We think we have all the time in the world. At least, I always have. I’m constantly pushing that which could be done now onto tomorrow – always thinking there’s time to do that later.

But this doesn’t apply to anyone, and definitely not to everyone.

You see, I have a friend. A really good friend I met just on three years ago. He’s a great person. I met him playing a game, listened to his problems and laughed when things were going well for him. Sometimes we don’t talk for months, but I always know he’s there just in case. I think he knows it, too.

And then last year, his time ran out. They gave him a count-down. No, it isn’t cancer. It’s Huntingtons. In his mid-twenties the doctor told him he’d be dead by 2020.

I’m the only person who knows.

I get the feeling he only told me because I’m removed in terms of distance. In an online friendship there’s always that safety net. At first I didn’t understand his reasoning. Why not tell the people who care about you, why not have them enjoy their last years with you and be there for you when you need someone to be?

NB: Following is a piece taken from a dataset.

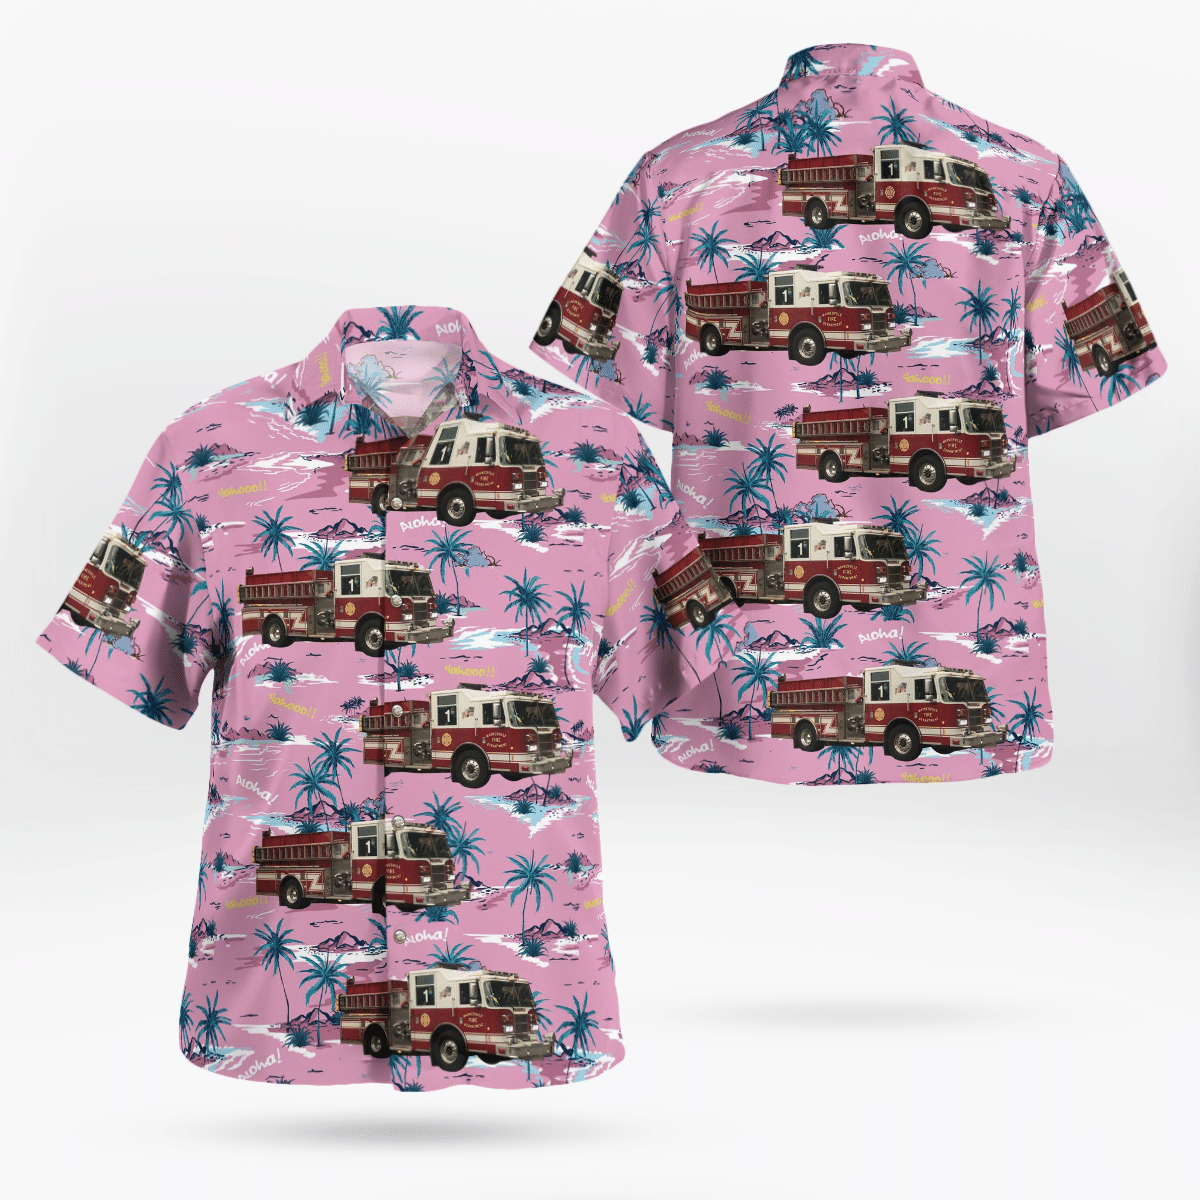 You won't regret buying these Aloha Shirt 199

His answer: “It’s amazing how difficult it is to live each day like it’s your last, when you know the ending. When the time comes, I will let go. I don’t want the people I leave behind not to be able to and make both of us suffer because they don’t want to let me go.”

I get it now. In his own way, he’s being selfless. By not telling people, he’s allowing them to live their lives as if nothing has happened, as if he never got that news, because in his mind, it’s not their burden to bare. In a way he’s right.

In a way, he’s the strongest person I’ve ever met. I think I could count on one hand the amount of people I know who have that sort of strength.

They say people who suffer from Huntingtons are prone to depression and suicide. It’s not hard to see why and I worry for him. All I can do for him is be there if he needs me, if he decides he needs to get things off his chest or wants to chat about anything – mundane or serious.

But maybe that’s not all I can do for myself. I can love all of my friends, not squabble for trivial reasons, and be grateful I met my husband. I can get off my arse and write. I can tell myself to stop wasting the precious time I have because not everyone gets enough time to fulfill the dreams they have. I can chase after what I want with an able body and sound mind. And I can damn well not squander the time I’ve been given.

Thank you for your friendship. Thank you for your strength. Thank you for letting me in on something so private.

And most of all, thank you for giving me perspective.